#### [Material provided]
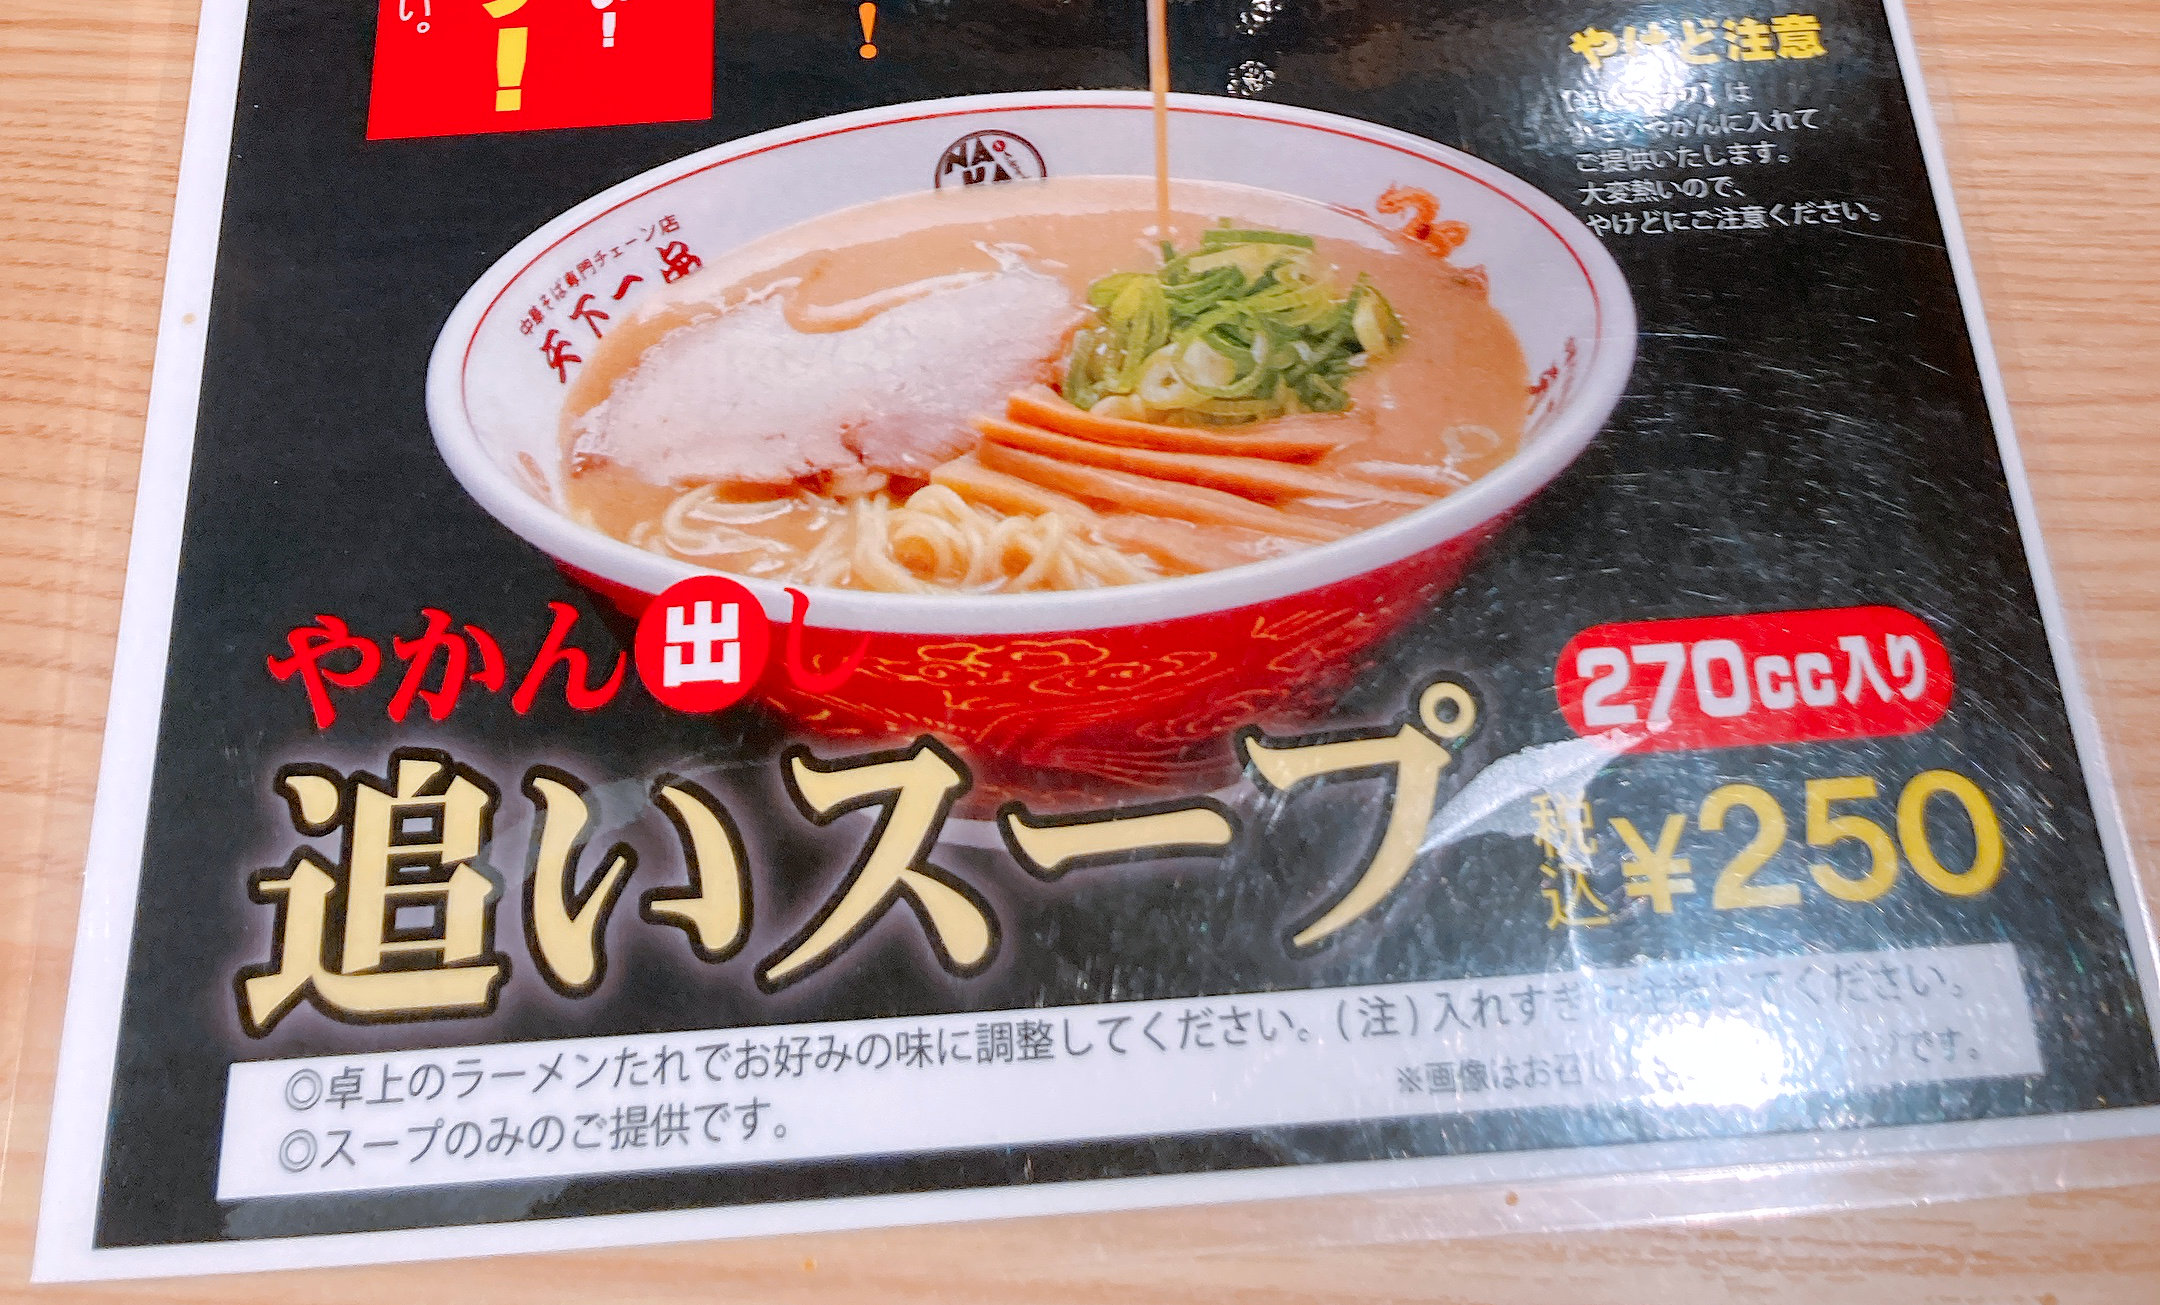 天下一品 こってりスープだけを追加注文できる 追いスープ が登場 やかんで出てくるぞ 東京 中野 ロケットニュース24
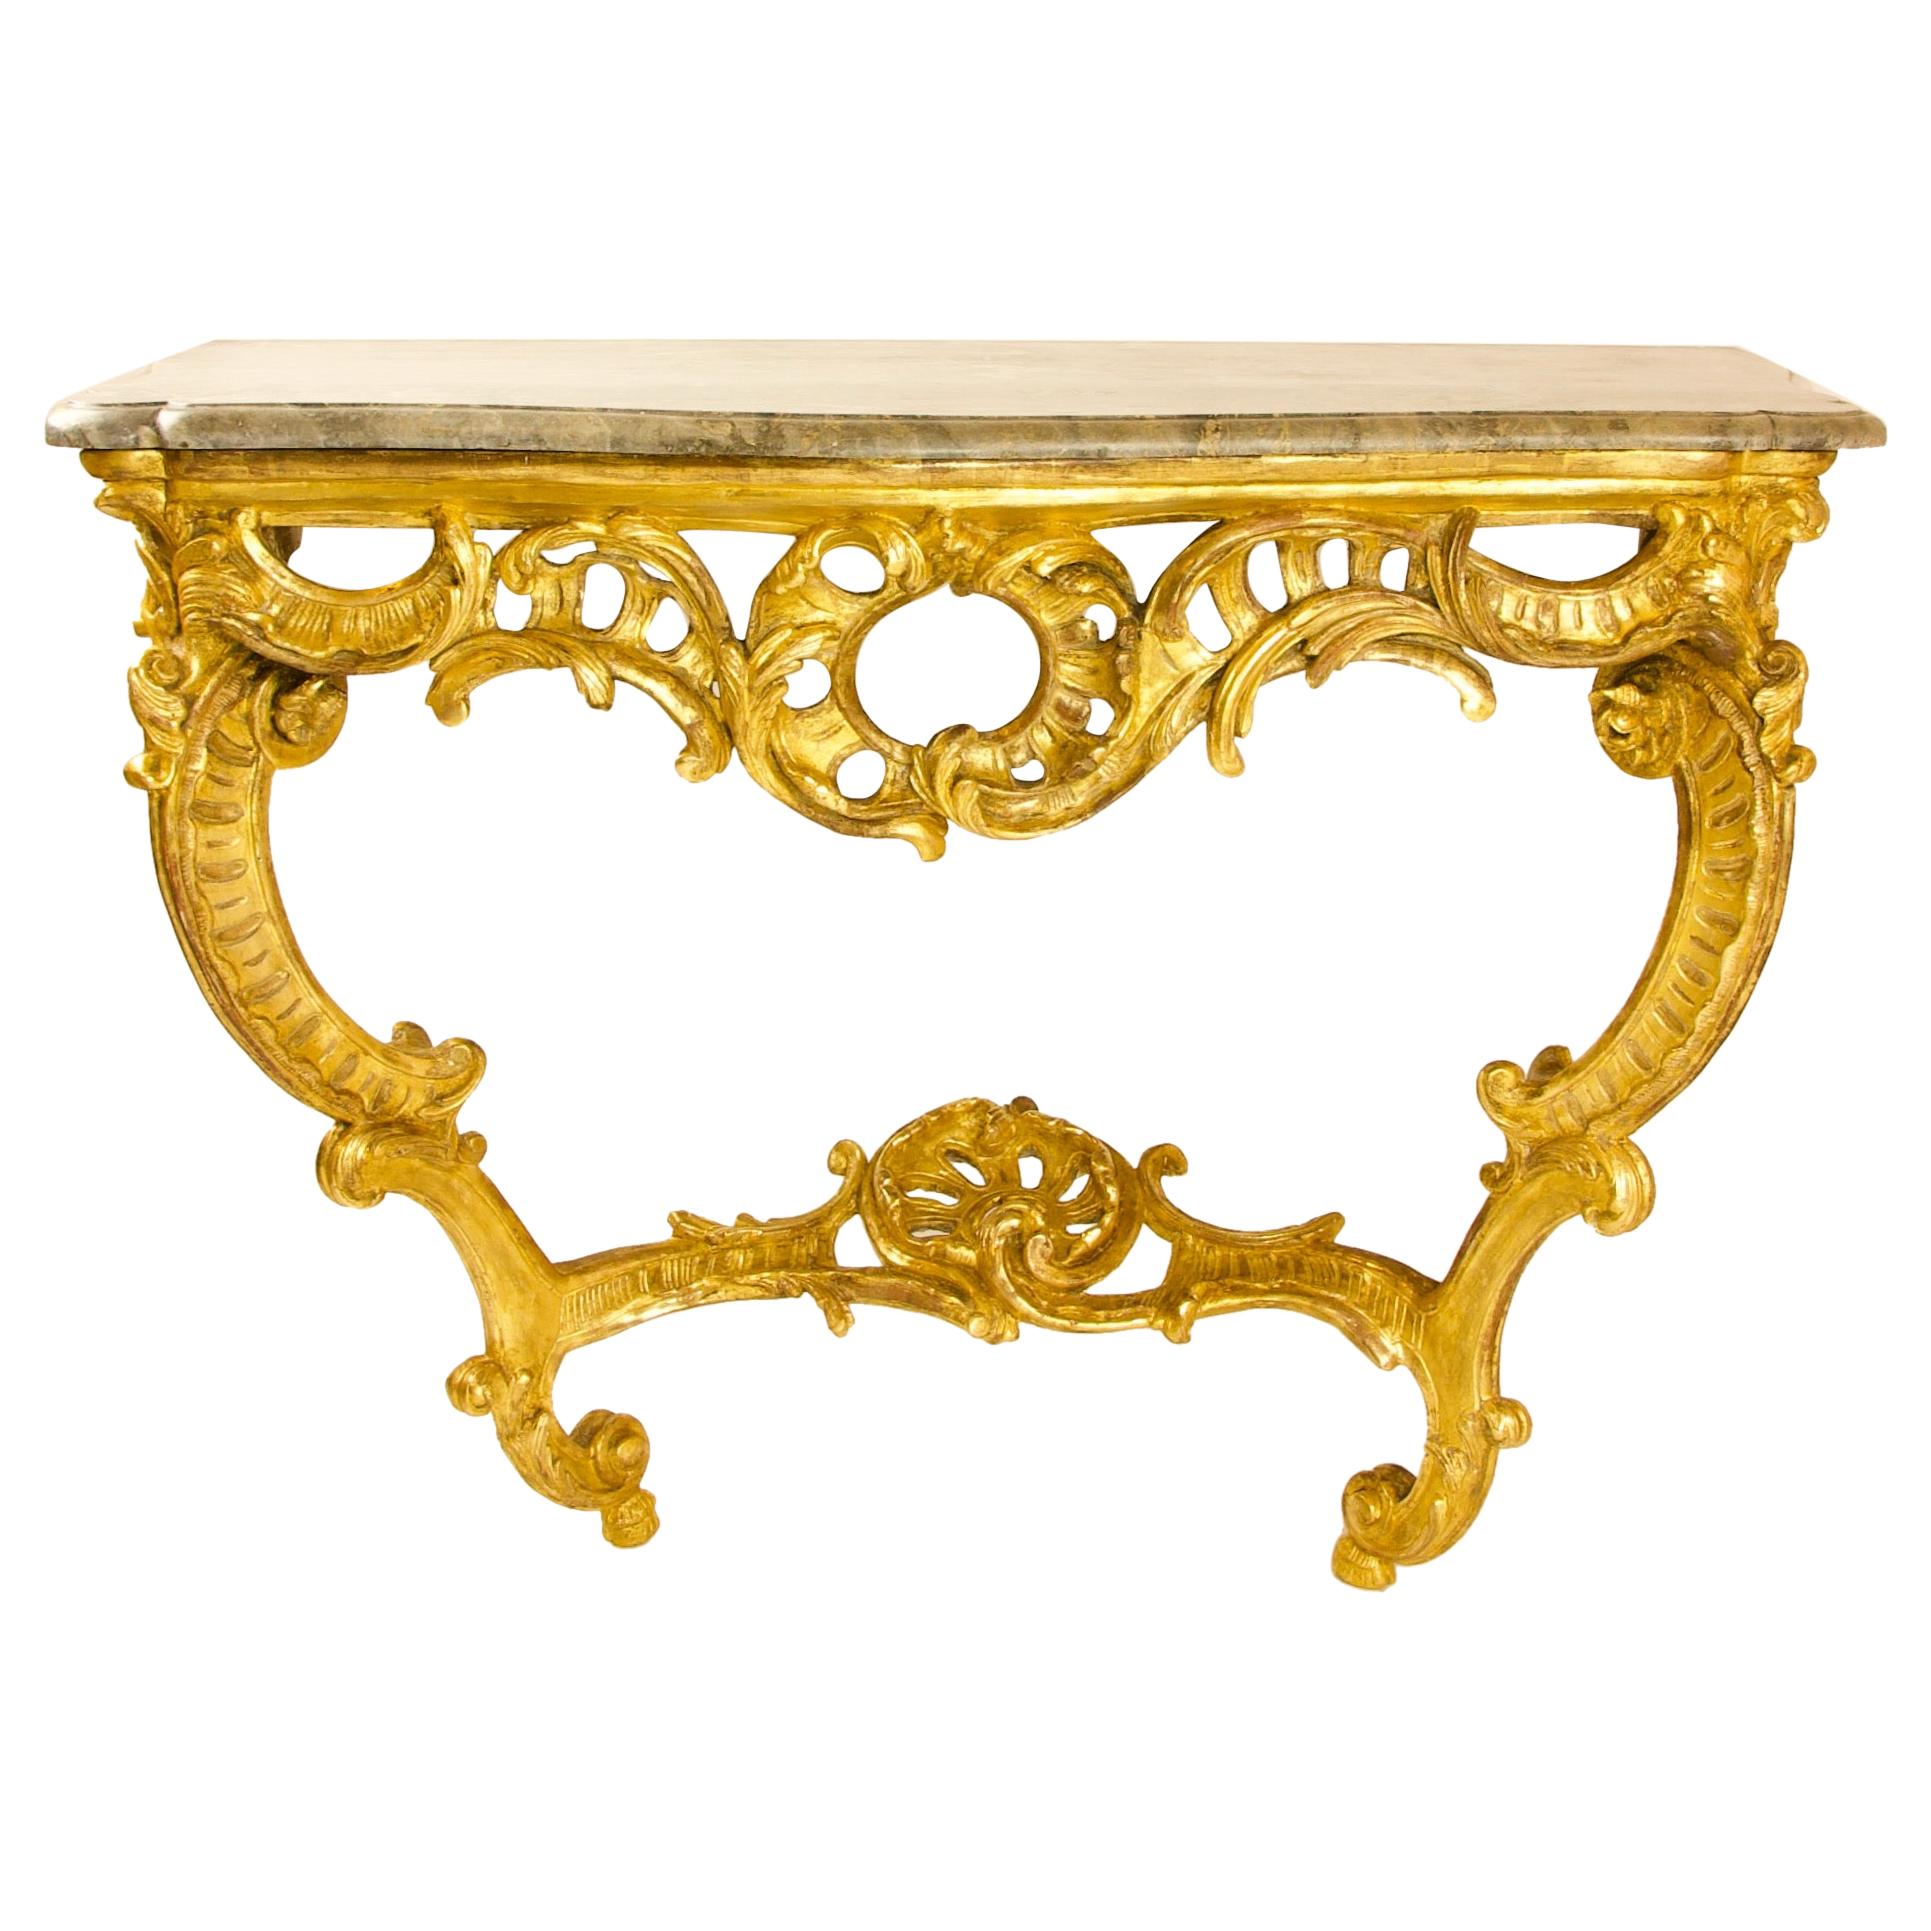 Grande table console française Louis XV du 18ème siècle en bois doré sculpté et sculpté
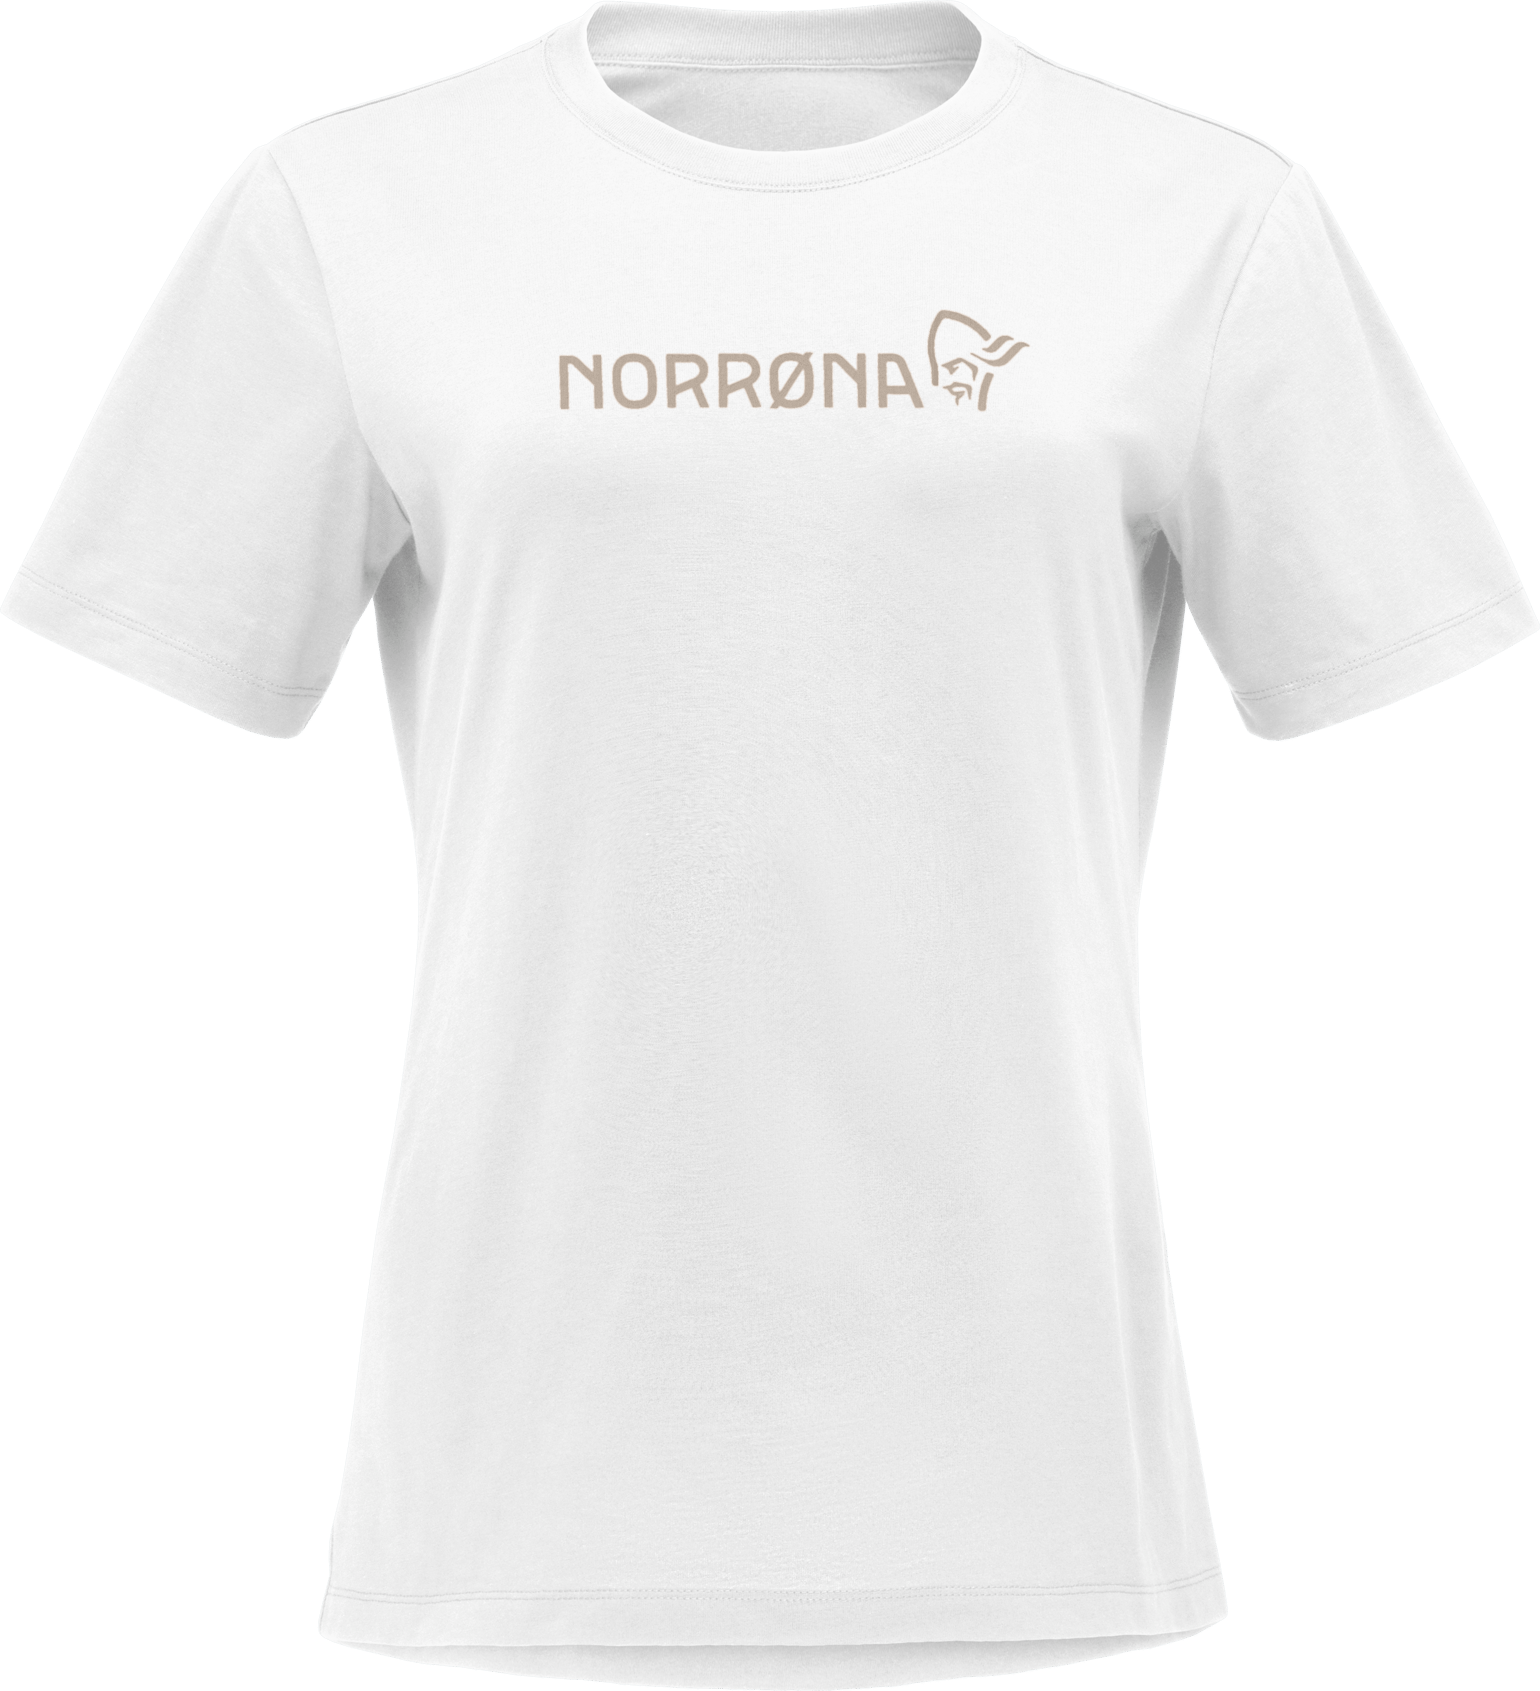 Norrøna Women's /29 Cotton Norrøna Viking T-shirt Pure White

#### [Activity]
A word-for-word copy of all the data is required, minus the pictures.

#### [Answer space]
 天下一品 こってりスープだけを追加注文できる 追いスープ が登場 やかんで出てくるぞ 東京 中野 ロケットニュース24
 Grande table console française Louis XV du 18ème siècle en bois doré sculpté et sculpté
 Norrøna Women's /29 Cotton Norrøna Viking T-shirt Pure White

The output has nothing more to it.